Create dedicated IAM roles per instance / Pod
Restrict resources (s3:GetObject only on arn:aws:s3:::myapp-uploads/*)
Restrict actions (s3:GetObject only, not s3:*)
For buckets holding sensitive data, use VPC Endpoint Policy + Bucket Policy as double lock

Sanitizer libraries #

Writing SSRF defenses by hand is full of traps. Use battle-tested libraries:

Node.js: ssrf-req-filter, request-filtering-agent
Python: safeurl-python, advocate
Go: safehttp, safedialer
Java: safe-url, OWASP ESAPI

These do "DNS resolution → IP classification → IP pinning → redirect re-validation" internally.

Testing and detection #

Manual testing #

Hammer every feature that takes a URL (preview / webhook / external import / OG image / PDF render / image transform) with SSRF payloads.

Representative test payloads

http://127.0.0.1/
http://169.254.169.254/latest/meta-data/
http://metadata.google.internal/computeMetadata/v1/
file:///etc/passwd
gopher://127.0.0.1:6379/_*1%0D%0A%248%0D%0Aflushall%0D%0A
http://collaborator-id.burpcollaborator.net/  # for Blind detection
# If the above are blocked, retry with notation variants (decimal IP / 0177.0.0.1, etc.)

Burp Suite Collaborator (Blind SSRF detection) #

For Blind SSRF, the response is invisible, so OOB detection is the standard. Burp Collaborator provides an attacker-owned DNS / HTTP server and records whether the target tried to resolve / fetch a Collaborator-controlled domain.

DNS interaction only → SSRF exists, but no HTTP is sent (only DNS resolution)
HTTP interaction too → SSRF succeeds, arbitrary URLs can be GETed
Neither → no SSRF at that location

Free alternatives include interactsh (Project Discovery) and canarytokens.

Static analysis #

Trace "user input → HTTP client call" data flow in source code. Semgrep / CodeQL / SonarQube have SSRF rules. Even a simple grep of framework-specific sinks (requests.get, urllib.request.urlopen, Net::HTTP.get, HttpClient.get) gives you a list of suspects.

Production monitoring #

Monitor anomalous traffic to the metadata endpoint via VPC Flow Logs (normal traffic is bounded; sudden spikes are abnormal)
Alert on outbound attempts to private networks in firewall / NAT GW logs
WAF-layer rules that alert on literal strings like 169.254.169.254 in requests

Related attacks #

Attack	Relation
CSRF (Cross-Site Request Forgery)	Confusingly named, but structurally opposite.
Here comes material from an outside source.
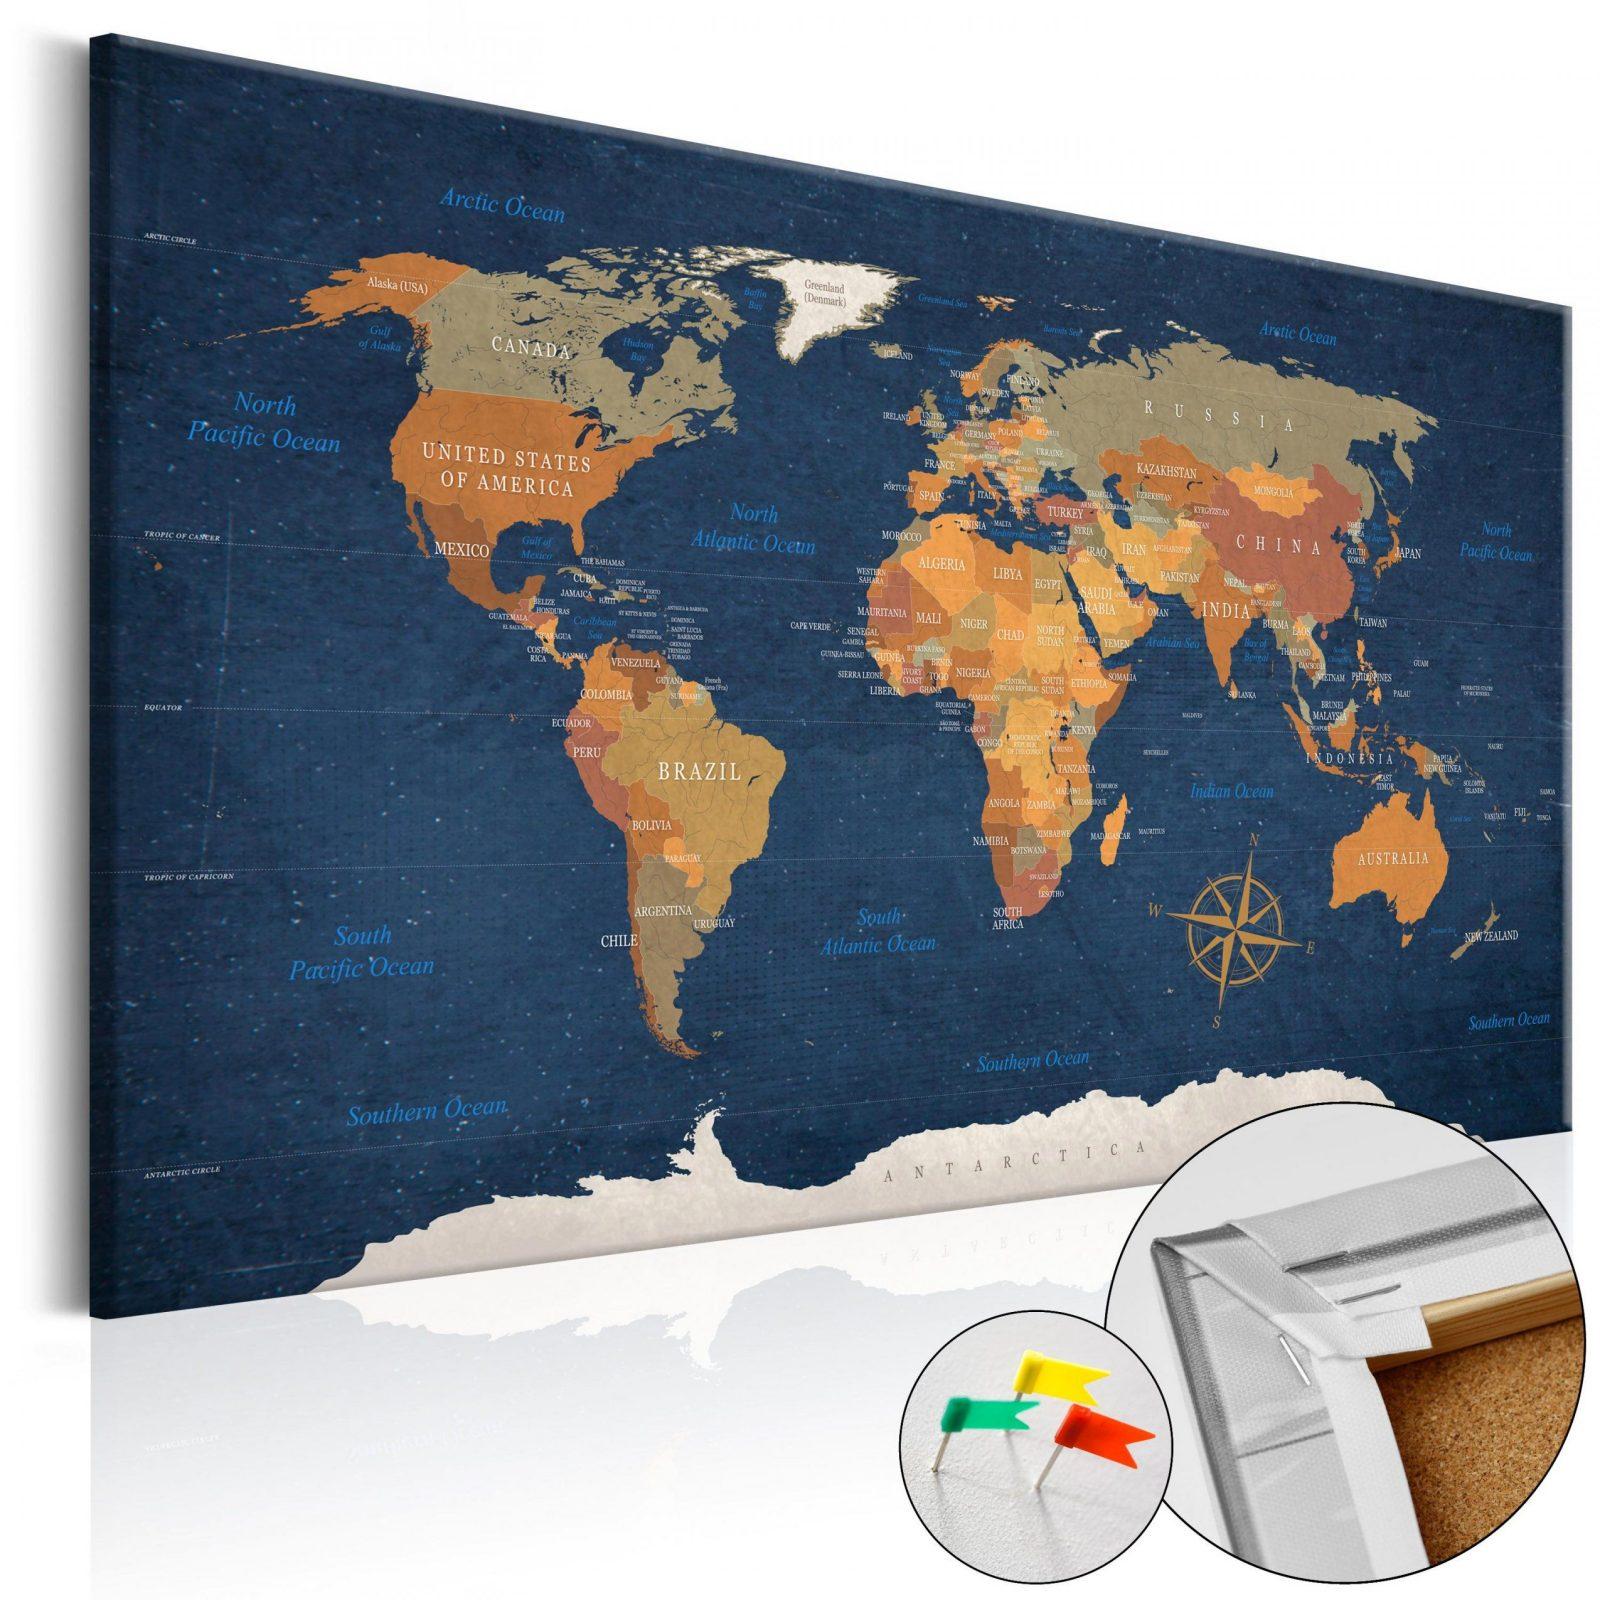 Kork Pinnwand Weltkarte Wandbilder Landkarte Leinwand Bilder Xxl Kc von Weltkarte Kork Selber Machen Bild
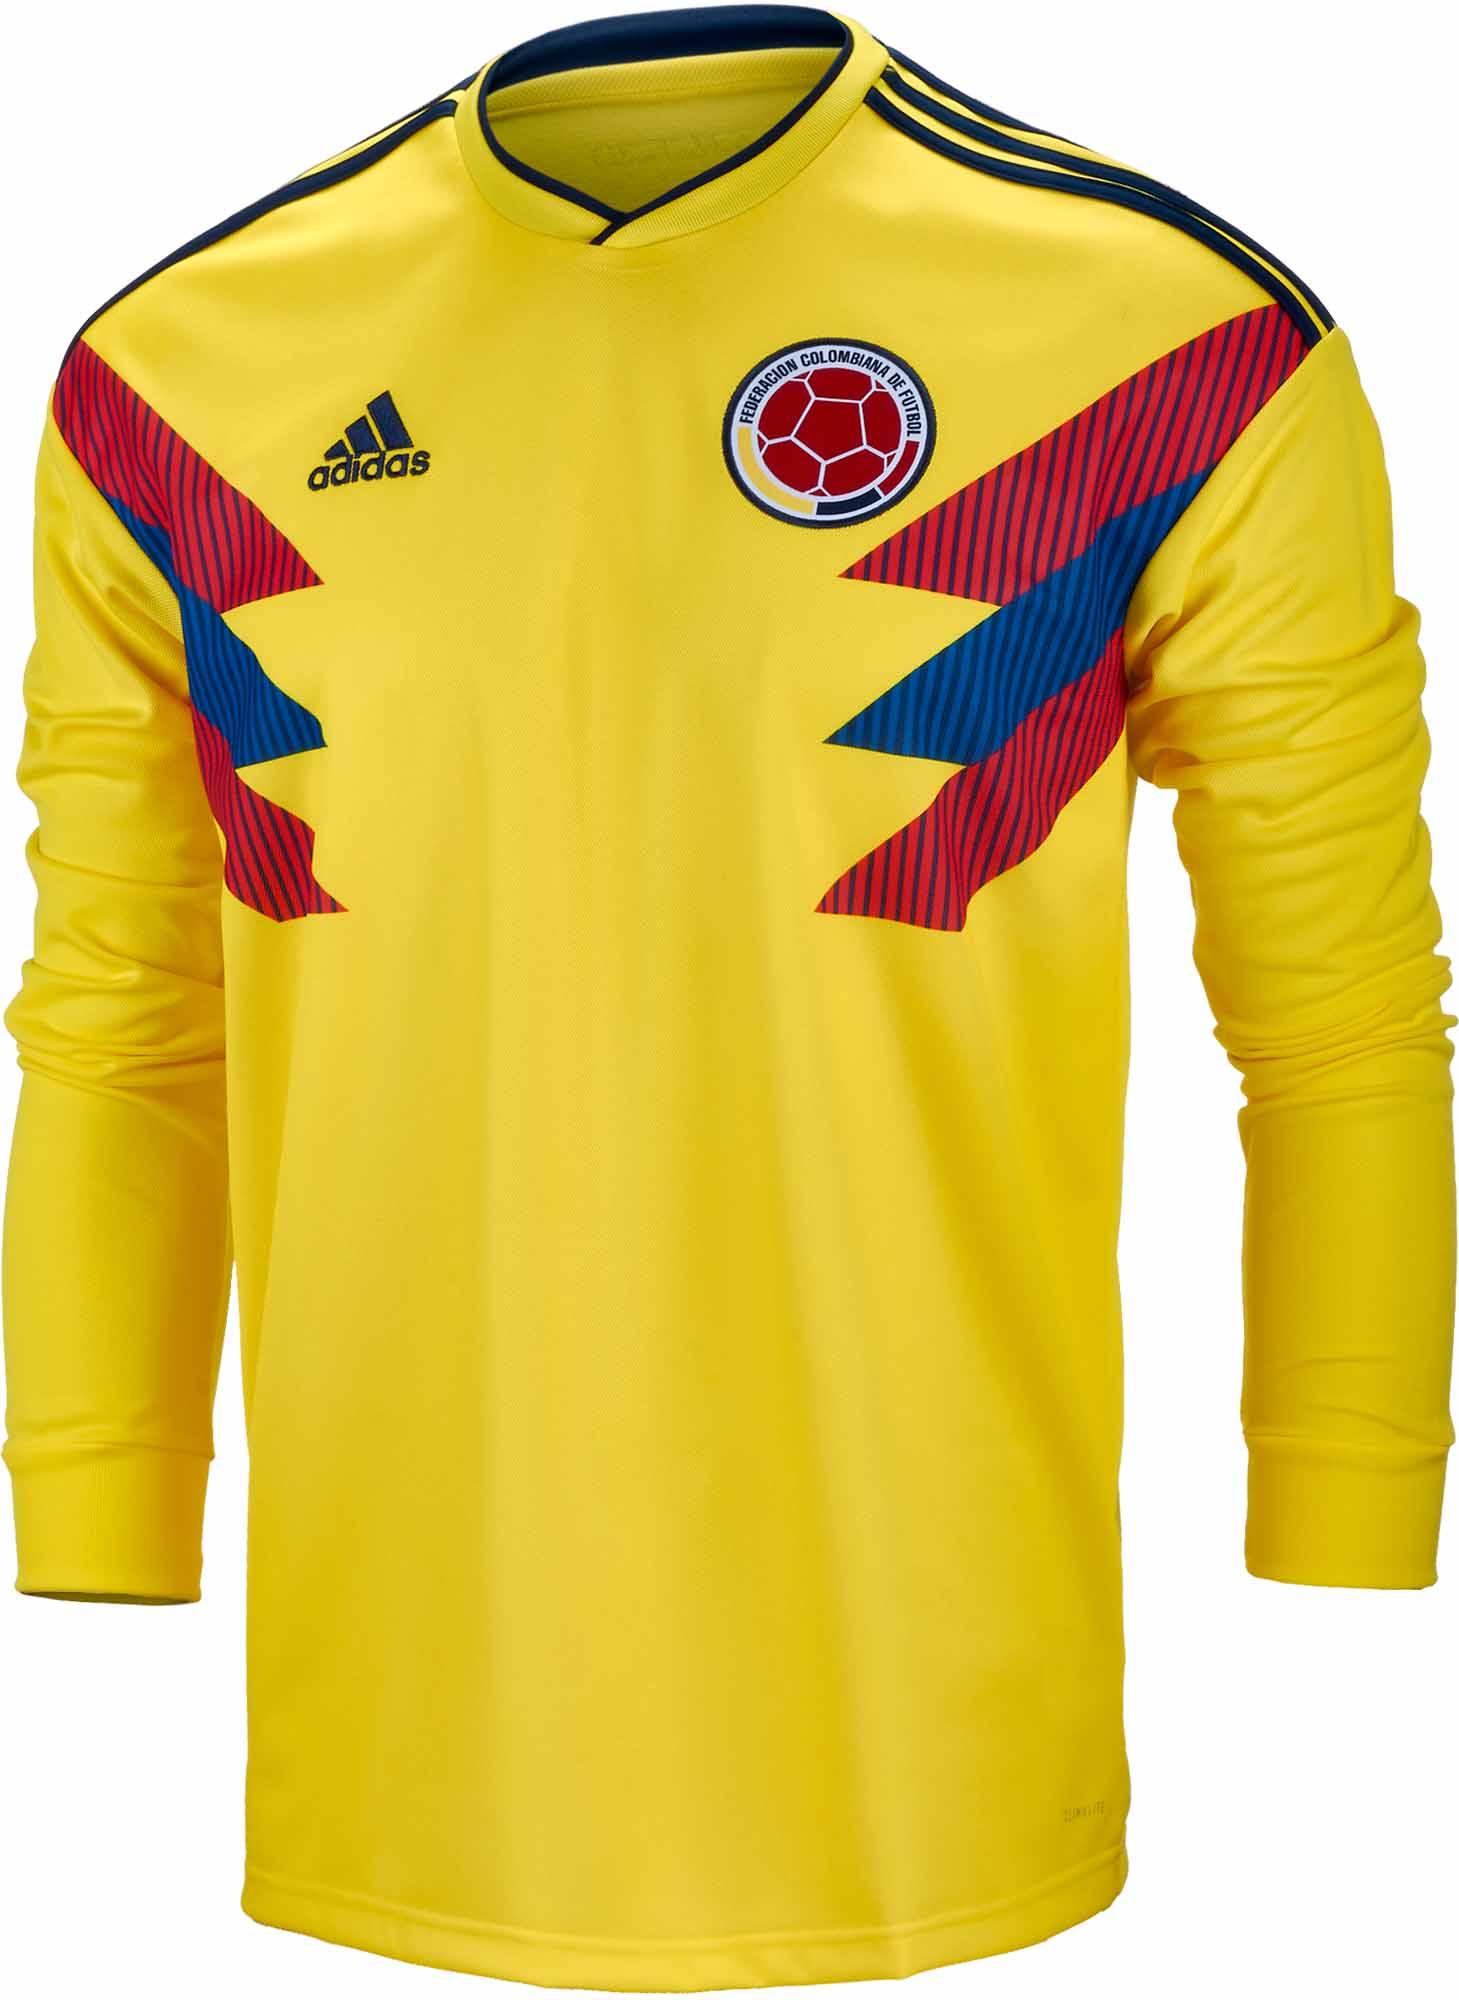 f6549fc7137b adidas Colombia L S Home Jersey 2018-19 - SoccerPro.com

CSRF makes the victim's browser send the request; SSRF makes the server send it
RFI / LFI (Remote/Local File Inclusion)	PHP `include`-style vulnerabilities that read URLs. Functionally overlaps with SSRF, but the result is file ingestion → RCE. Mostly closed by `allow_url_include=Off`
XXE (XML External Entity)	XML parsers resolving `<!ENTITY xxe SYSTEM "http://...">` to fetch external resources — abused as a form of SSRF
CSWSH (Cross-Site WebSocket Hijacking)	Browser-side WebSocket origin-check flaws. Different from SSRF, but similar in exploiting the "server-to-server is trusted" assumption
Smuggling (HTTP Request Smuggling)	Exploiting HTTP interpretation differences between front-end and back-end. Also a way to reach internal APIs, overlapping with SSRF's impact vector

Summary — 7 things developers must cover at minimum #

SSRF is unglamorous but one of the most dangerous entry points among modern Web app vulnerabilities to watch out for. In today's stacks where cloud metadata / internal APIs / private networks live just one hop away, the moment "the server can fetch arbitrary URLs" arises, IAM theft, internal exploration, and lateral movement immediately become possible.

▸ 7 things developers must cover at minimum

Introduce URL allowlist validation — restrict hostnames, schemes, and ports
Validation must target the final IP after DNS resolution, mechanically rejecting private/loopback/link-local
Disable HTTP client redirect following (or re-validate the redirect target)
On AWS, require IMDSv2 (HttpTokens=required)
Tighten egress at VPC / SG — block metadata IPs and private CIDRs at the exit
Give instances / Pods least-privilege IAM roles (both action and resource)
Don't roll your own SSRF defenses — use battle-tested libraries (safe-url family)

The simplest "take a URL and fetch it" features are precisely the ones that breed SSRF. At the design stage, remember: trust boundaries cannot be defined by IP addresses — only by explicit allowlists.